Девушки внимательно осмотрели предъявленные им палочки. Они оказались полыми внутри и немного напоминали карандаши, из которых вынули грифель. Шпулька осторожно заглянула через плечо Терески.
— Ну и что, что мелинит? — недоверчиво поинтересовалась она.
Молодой человек, ни слова не говоря, зажёг спичку и поднёс к концу палочки. Взвился длинный шипящий язык пламени, и «карандаш» тут же сгорел. Тереска со Шпулькой дружно вздрогнули.
— Взрывчатый материал. В основе — пикриновая кислота. На воздухе горит, в безвоздушной среде — взрывается. И откуда взялась эта бредовая идея разводить костры прямёхонько над мелинитом? Что это вам на ум взбрело?
Шпулька вдруг почувствовала жуткую слабость и со стоном опустилась на мох, снова вцепившись в волосы измазанными руками. Тереска переводила взгляд с молодого человека на палочки и обратно. Никак не удавалось собраться с мыслями и сформулировать теснящиеся в голове вопросы.
— Значит… значит… это и в самом деле было везде?
— Почти везде. Спрятанное, но легко доступное.
— Но ведь… Мы же снова разожгли! А ямы? Это аристократ? А почему только там взорвалось, а в других местах — нет? И вообще, откуда вы обо всем этом знаете? И вообще, откуда оно все взялось? И вообще, откуда ВЫ взялись?!!!
— Ради Бога, пощадите! — Замахал руками молодой человек. — Не все сразу. Я ещё жить хочу! Тереска наседала.
— И вообще, что все это значит? Я ничего не понимаю! Объясните же наконец!
— Ну разумеется, объясню. Для начала, с вашего позволения, я представлюсь. Мы, правда, уже немного знакомы, встречались в Варшаве несколько раз, но как-то странно…
— Мы будем очень рады… Вы ведь не откажетесь с нами поужинать, правда? Может, мы и дуры, но рыбу приготовить умеем, а земляника у нас — лучшая в мире!
— Ну, если я вас не очень обременю…
Вконец обалдевшая Шпулька, сидя под деревом, слушала, как стоявшая перед ней пара обменивается изысканнейшими любезностями. Ещё немного, и Тереска с молодым человеком начнут делать друг перед другом изящные реверансы, а затем — вместо того чтобы выяснять жуткую загадку — двинутся в менуэте или каком-нибудь контрадансе вокруг кучи камней. Прямо Версаль! Шпулька почувствовала, что долго она этого не вынесет, ещё два-три таких предложения, и она наверняка спятит.
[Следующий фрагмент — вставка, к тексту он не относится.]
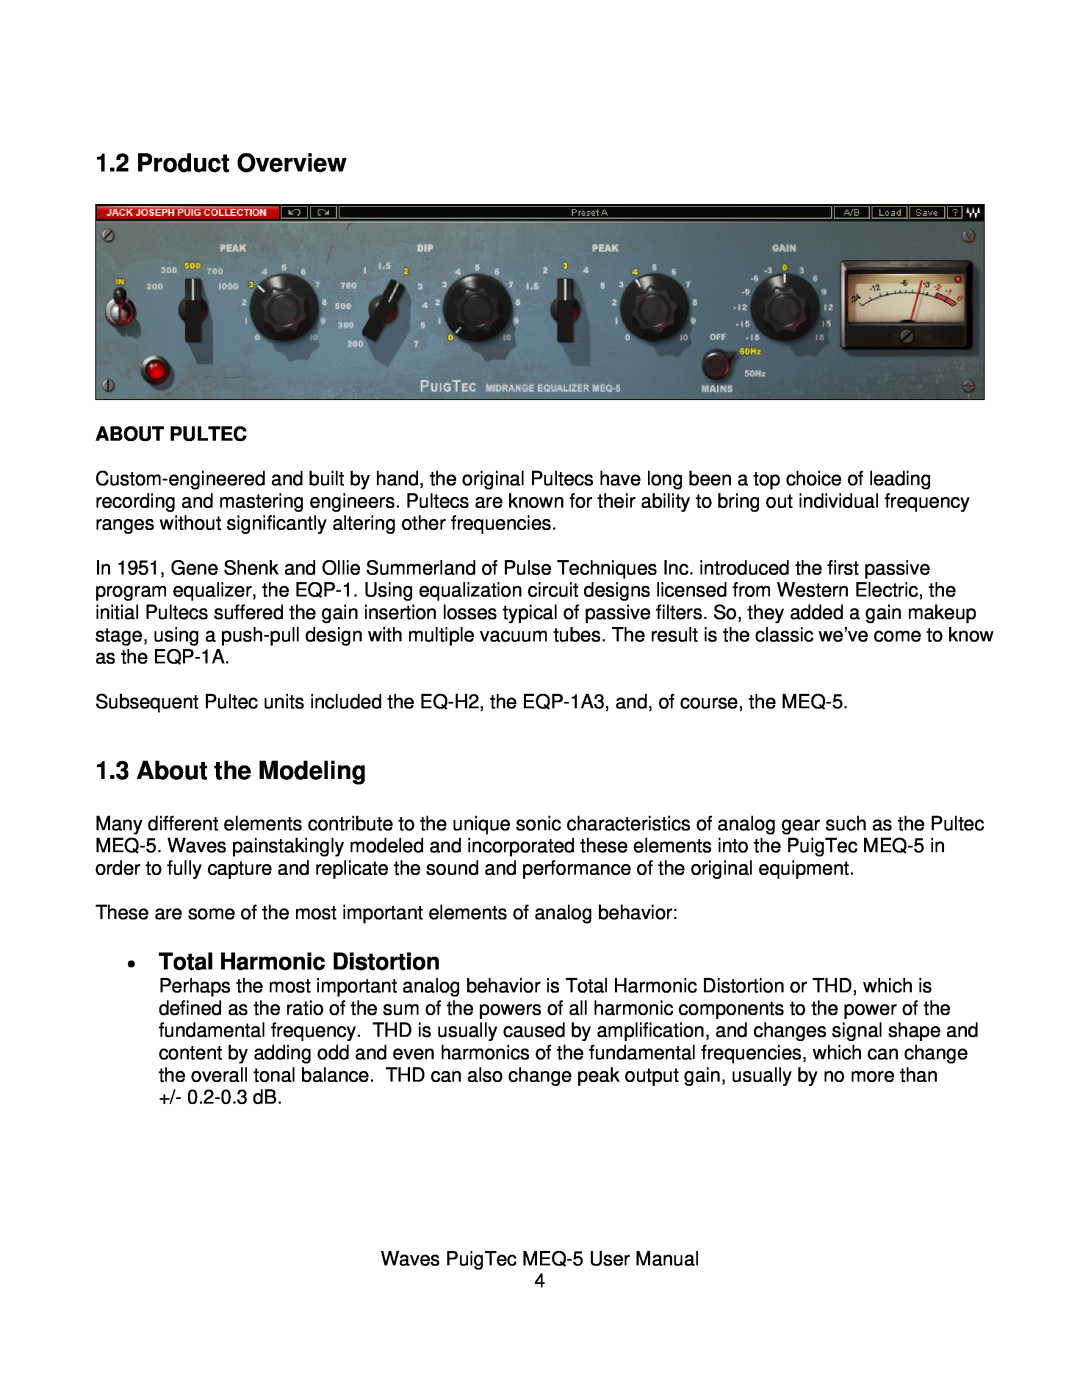 Waves MEQ-5 user manual Product Overview, About the Modeling, Total Harmonic Distortion

— Эй, кончайте сейчас же! — рявкнула она и вскочила на ноги. — Если вы немедленно не прекратите разговаривать в таком идиотском торжественном тоне, то будьте тогда любезны обращаться ко мне не иначе как «Ваше сиятельство»! И фиг вы получите, если не переоденетесь к ужину во фрак и кринолин!
— Робин, — задумчиво произнесла Тереска. — Красивое имя, но странное. Откуда такое?
Молодой человек с красивым, но странным именем смущённо пояснил:
— Так уж вышло, что я родился в Англии, а любимым героем моих родителей был Робин Гуд. Вероятно, им хотелось, чтобы вместе с именем я приобрёл и некоторые черты его характера.
— И как, ты стал благородным разбойником?
— А разве не видно? Брожу по лесам и нападаю на туристов, которые побогаче.
— Скорее уж нападаешь на наши очаги. Что-то я не припомню, чтобы Робин Гуд сражался с природными явлениями.
— Ты смотри, осторожнее, — предупредила Шпулька благородного разбойника. — Она историю знает как свои пять пальцев, с ней лучше не спорить.
Неловкость, возникшая поначалу от резкого перехода на «ты», наконец исчезла. Тереска была глубоко благодарна подруге за её героическое вмешательство. Сама бы она ни за что в жизни не отважилась на подобное предложение. Робин был старше их на несколько лет и уже совсем взрослый, а кроме того, казался ей столь непохожим на её друзей и знакомых. Если бы не его непосредственность и отношение к подругам как к равным, Тереска бы ещё долго испытывала страшную робость и неловкость, а одновременно — огромное счастье.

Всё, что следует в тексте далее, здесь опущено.